Martin Hewitt arrested in Franco Zeffirelli’s Endless Love

More than any classical Melodrama I can think of, Endless Love‘s narrative unspools with an almost Surrealist dream-logic, and probably represents the supreme American cinematic embodiment of Andre Breton’s concept of l’amour fou, which Robert Hughes has described as “obsessional… the kind of love that deranges the senses and tips those who feel it into a helpless vortex of appetite and feeling.” It’s the sort of stuff that might fly in a foreign art film — Oshima’s In the Realm of the Senses and Carax’s Les Amants du Pont-Neuf come to mind — but, to Anglo critics dealing with an American “women’s picture”, had that special nails-on-chalkboard appeal. There is an overwhelming “toomuchness” about this film suspiciously suggestive of art. Zeffirelli and his brilliant cinematographer, David Watkin (both of whom are/were openly gay), brought a foreign, distinctly Queer mix of English and Italianate lushness and hyper-realism, sensitivity and Operatic emotionalism to bear on a project concerning perverse American Oedipal dynamics and young heterosexual passion. Arguably worst of the film’s sins is its ultimately being an almost ecstatic celebration of a Taboo subject — a heterosexual male driven close to madness by a seemingly hopeless love. Recent evolutionary biological theory suggests that while the “woman-in-distress” archetype has virtually universal appeal — for women to unconsciously exploit, and which men find attractive, therefore serving as a bonding agent to potential mothers of their offspring — the archetype of the attractive “man out on a limb”, faithful to one inaccessible woman, hasn’t had much erotic charge/mating allure since the Age of Chivalry, and is therefore of little interest today, aside to those whom made Endless Love a modest hit: teenage girls, older women, and gay men. There is a place in the hearts of those not ready, able, or willing to reproduce for a handsome, sweet and innocent Jonah-type who just can’t help bringing pain into the lives of all whom he loves.
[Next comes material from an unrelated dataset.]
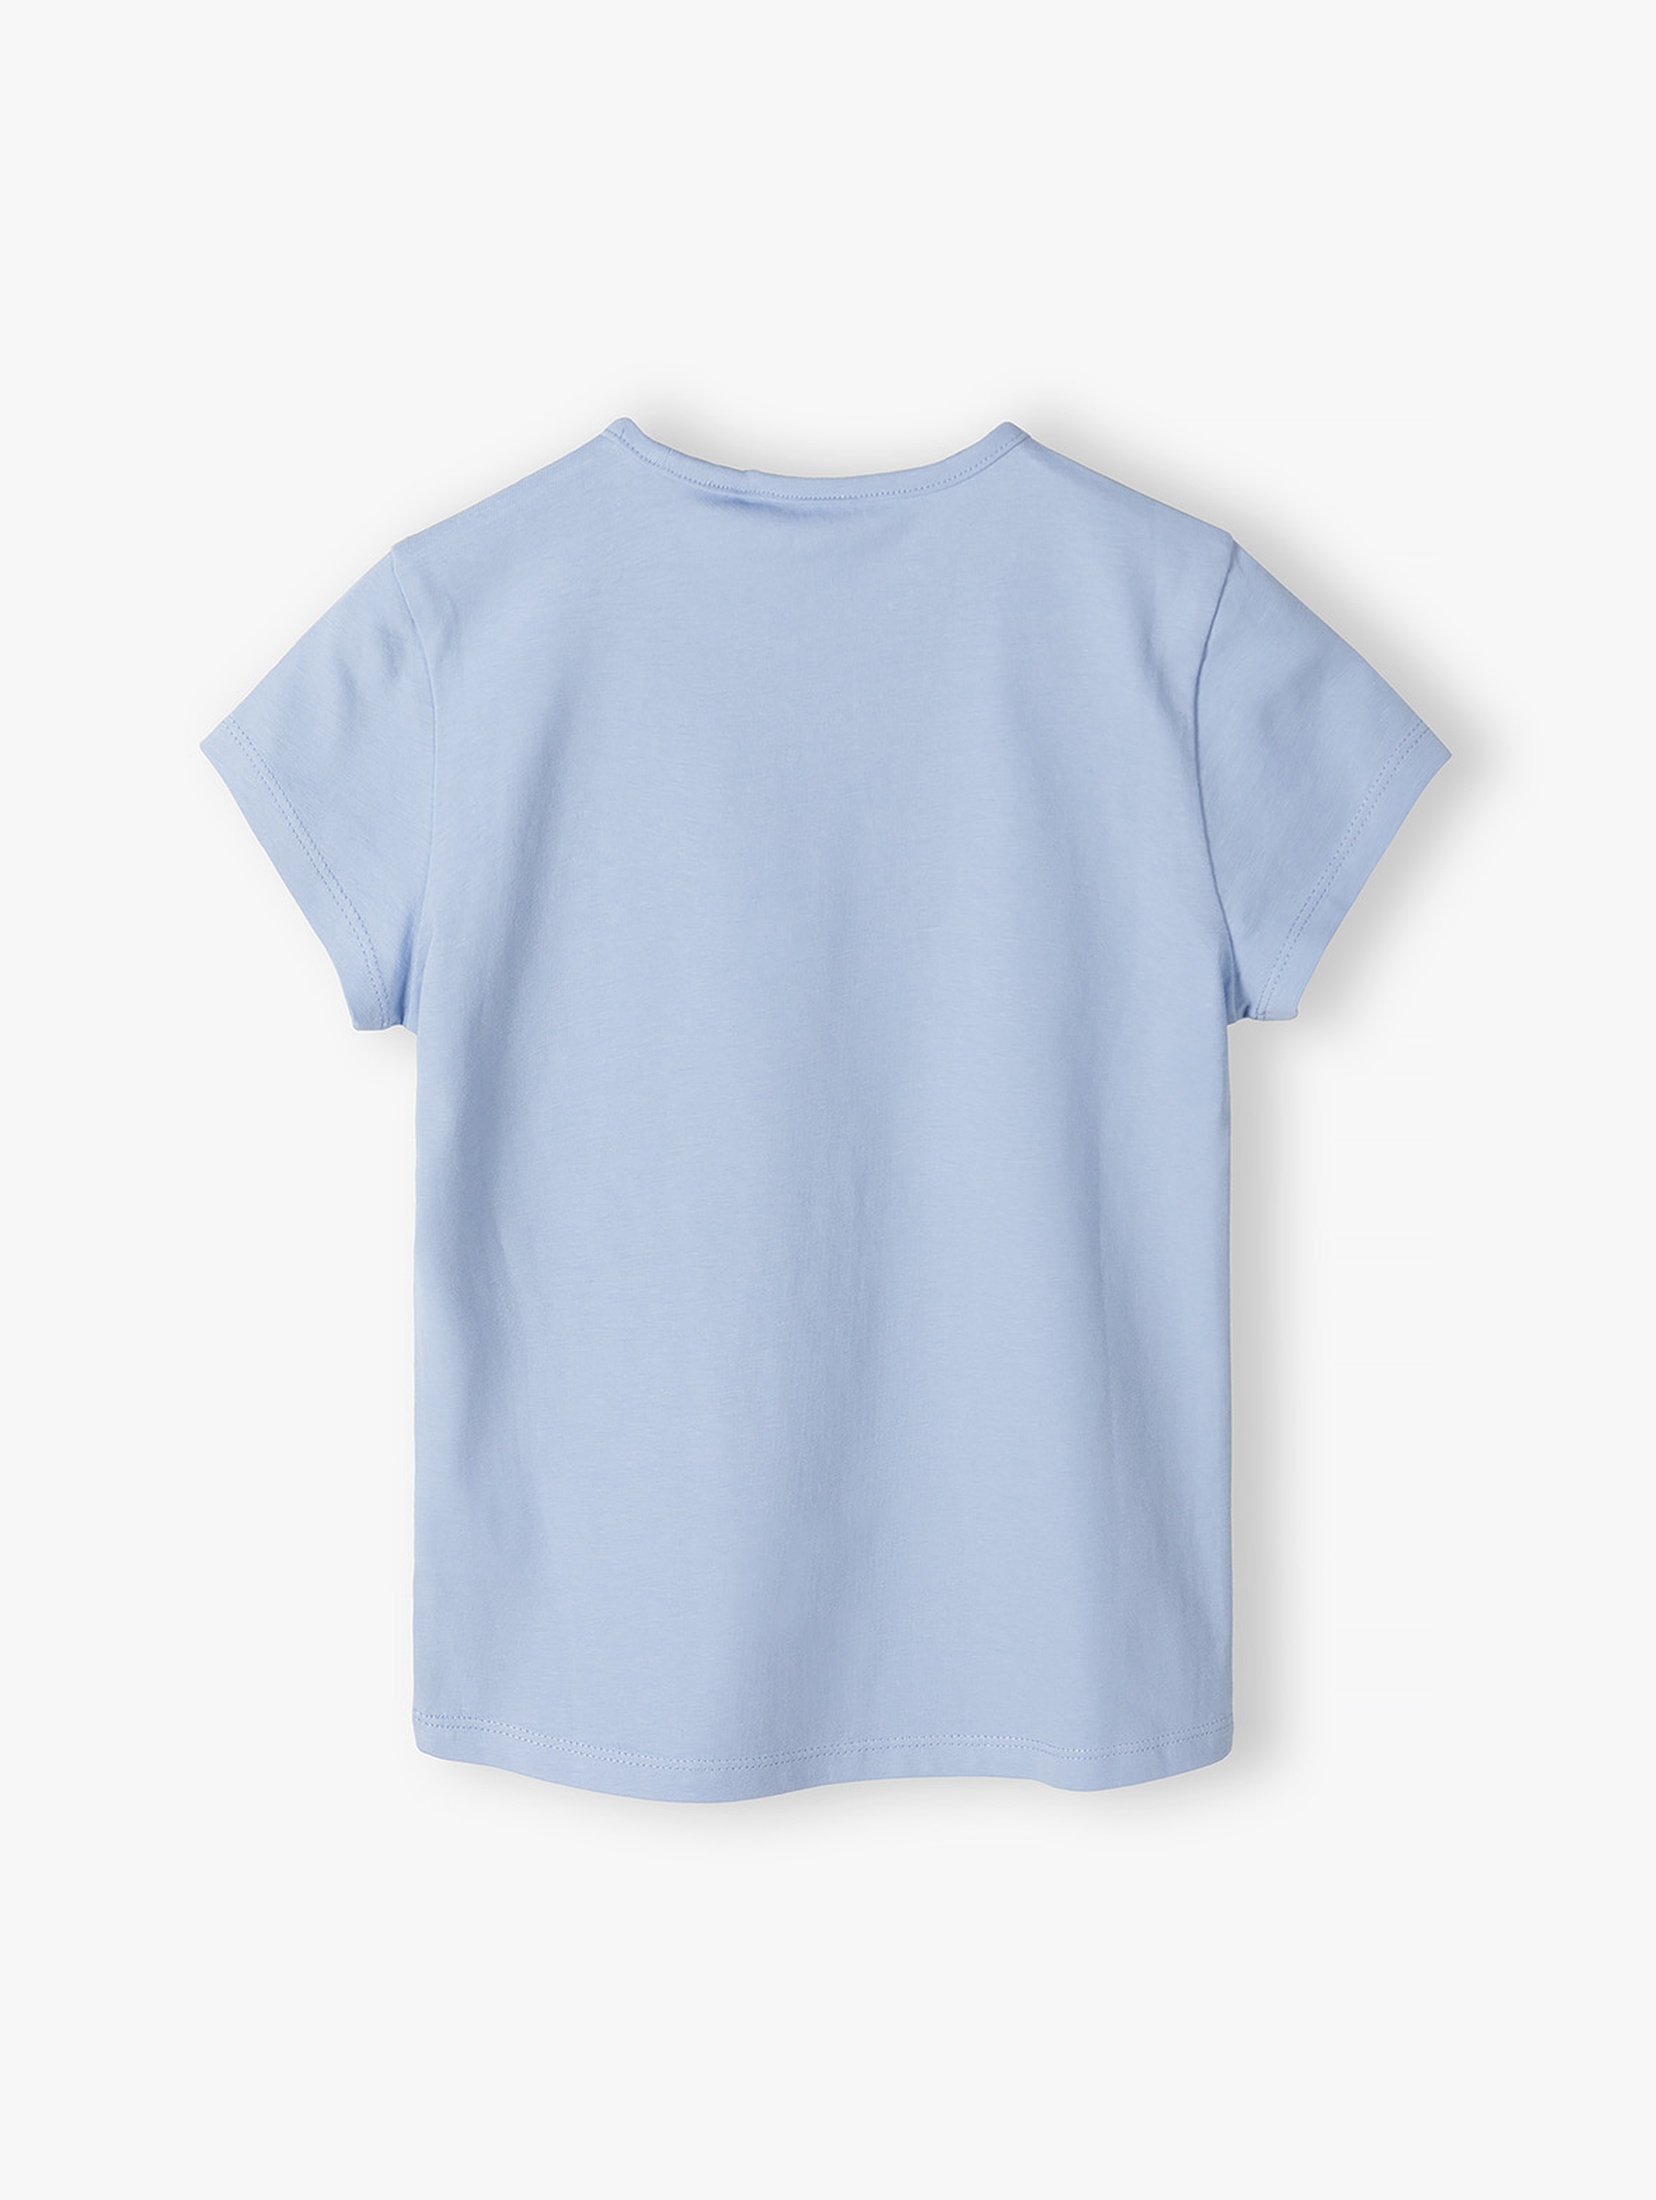 Niebieska koszulka dziewczęca z jednorożcem 5.10.15.

Brooke Shields in Franco Zeffirelli’s Endless Love

Despite my enthusiasm, I’d hardly maintain Endless Love‘s a perfect film. But whatever flaws it contains, its strengths are overwhelming. Zeffirelli’s efforts are bolstered by a sensitive, precise script by Judith Rascoe, the brilliant screenwriter of Who’ll Stop the Rain, and a terrific cast of stage and screen stalwarts: Beatrice Straight, Don Murray, Richard Kiley, and the ever-charming and still-beautiful Shirley Knight. James Spader, in his second screen role, is a mercurial, sometimes fierce Keith Butterfield. The fifteen-year-old Brooke Shields, aside from one scene beyond her maturity level, is really quite good. But the now forgotten Martin Hewitt as David is the revelation of the film. It’s a fragile, sensitive, daring performance, constantly in danger of not quite coming off, but ultimately revelatory. It’s possible that on his shoulders the reputation of this film, reevaluated, might become truly Endless.

Comments (1)

  • Brecht: My thanks to you and FOFF for encouraging a second look at Endless Love. I appreciate your situating melodrama as a genre on its own terms and with specific intents, lifting it away from its mere use as a somewhat dismissive adjective. My introduction to cinema was largely through such melodramas, favored by my Mom on midafternoon television and so–to a certain extent–I was trained early to appreciate these full blown narratives with their cathartic release. There’s nothing like a good cry, eh?